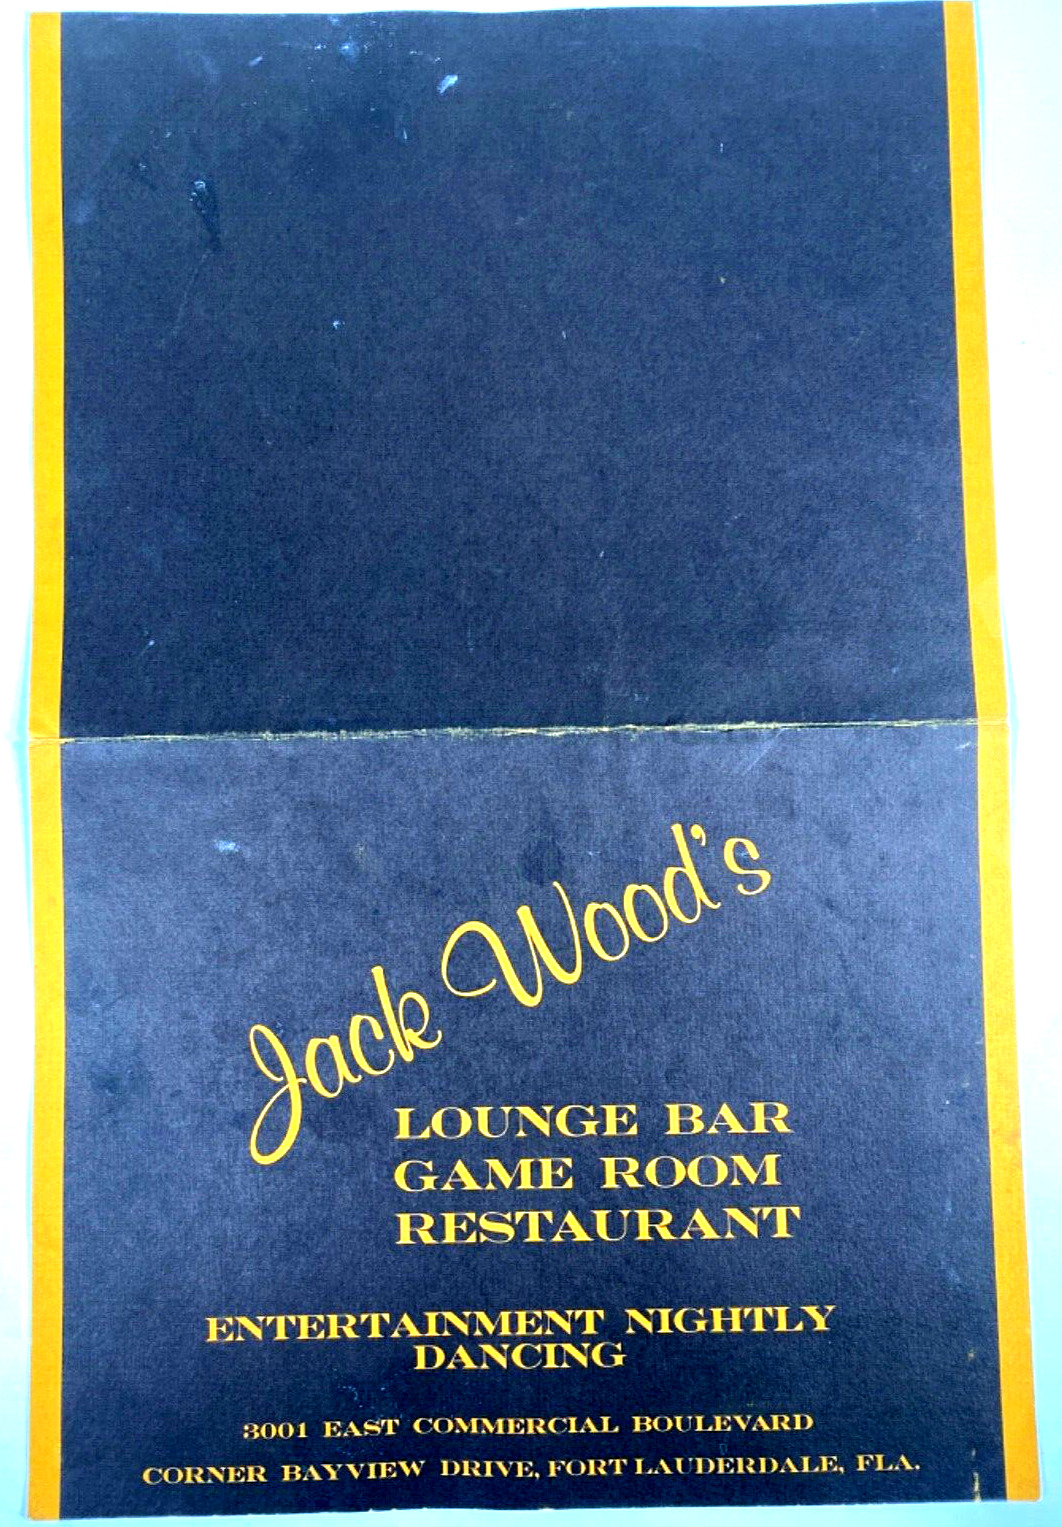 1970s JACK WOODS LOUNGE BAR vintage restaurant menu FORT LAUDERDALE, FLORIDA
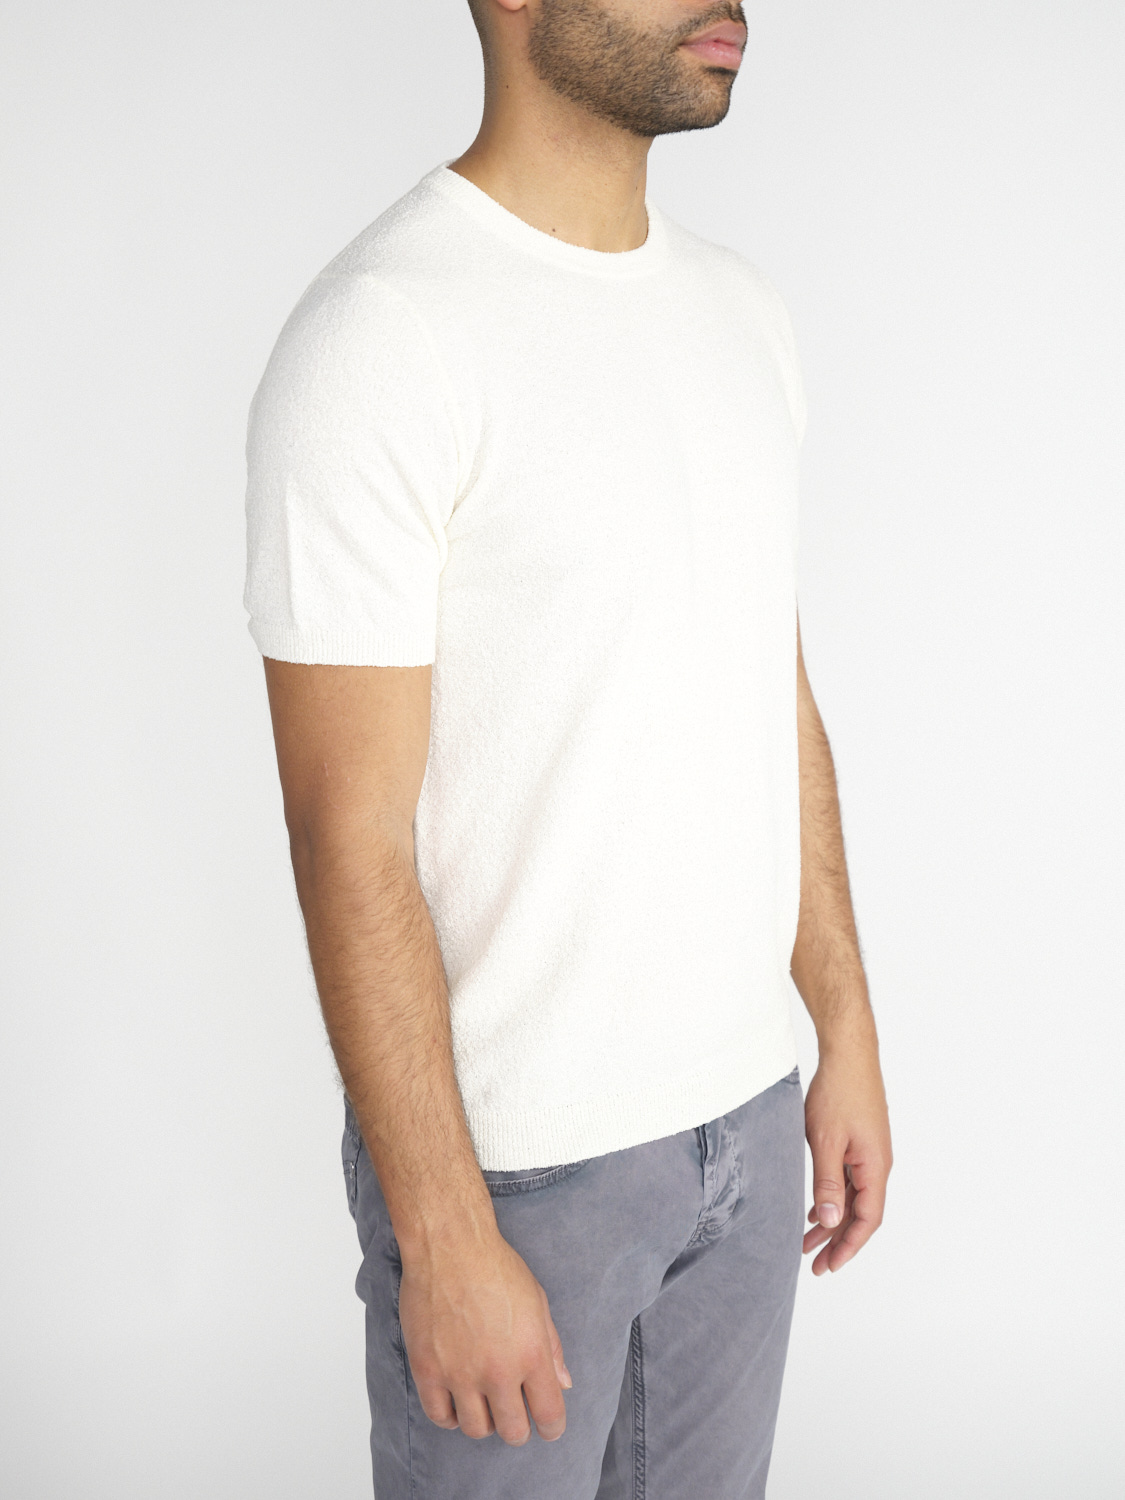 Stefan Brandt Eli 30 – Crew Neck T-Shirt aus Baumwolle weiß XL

* * *

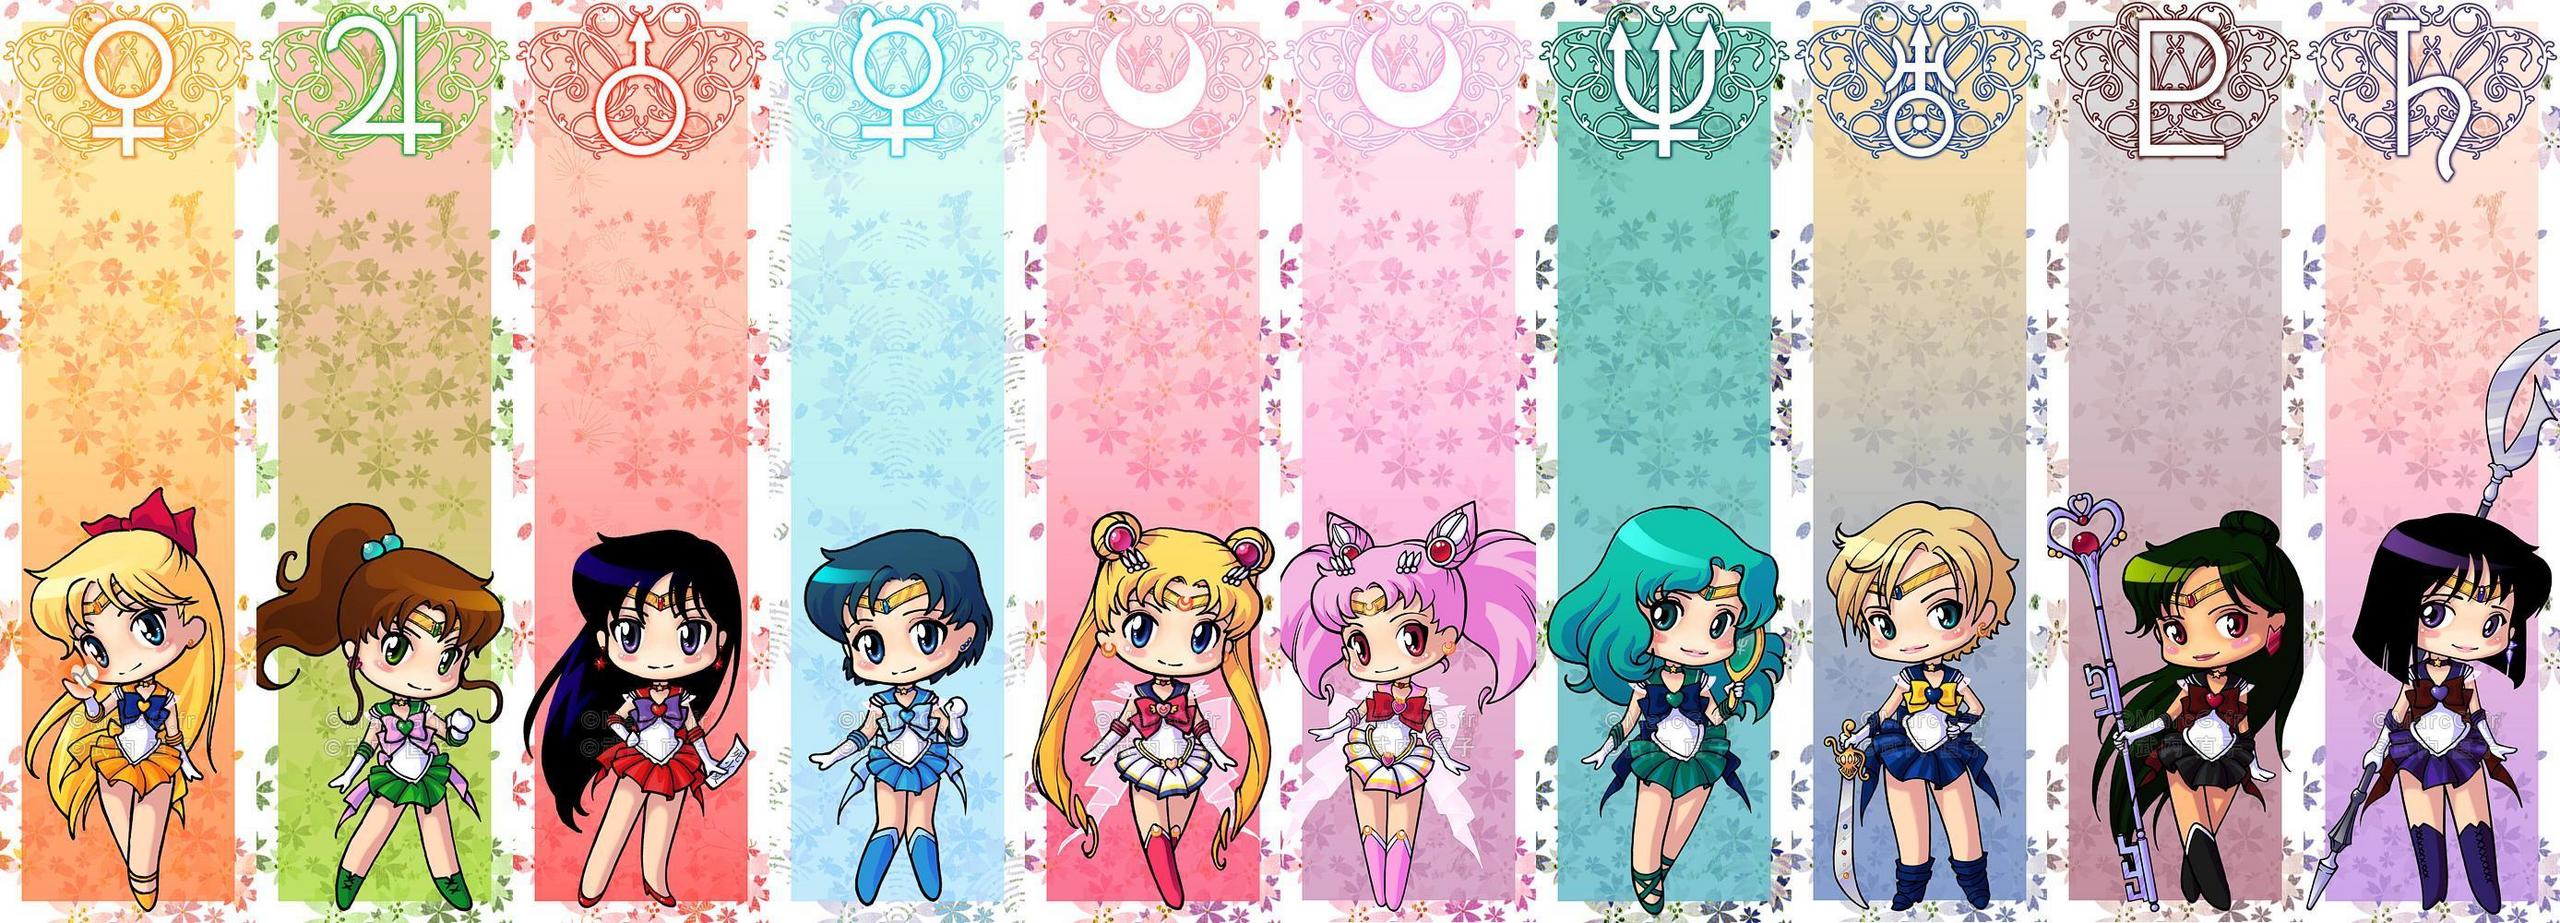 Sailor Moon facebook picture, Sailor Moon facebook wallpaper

→ **What to do**
Everything above from the line that has "1970s JACK WOODS" down to the line that has "Stefan Brandt Eli" should be output exactly, with both of those lines included. Leave the pictures behind.

→ **Result for this task**
 1970s JACK WOODS LOUNGE BAR vintage restaurant menu FORT LAUDERDALE, FLORIDA
 Stefan Brandt Eli 30 – Crew Neck T-Shirt aus Baumwolle weiß XL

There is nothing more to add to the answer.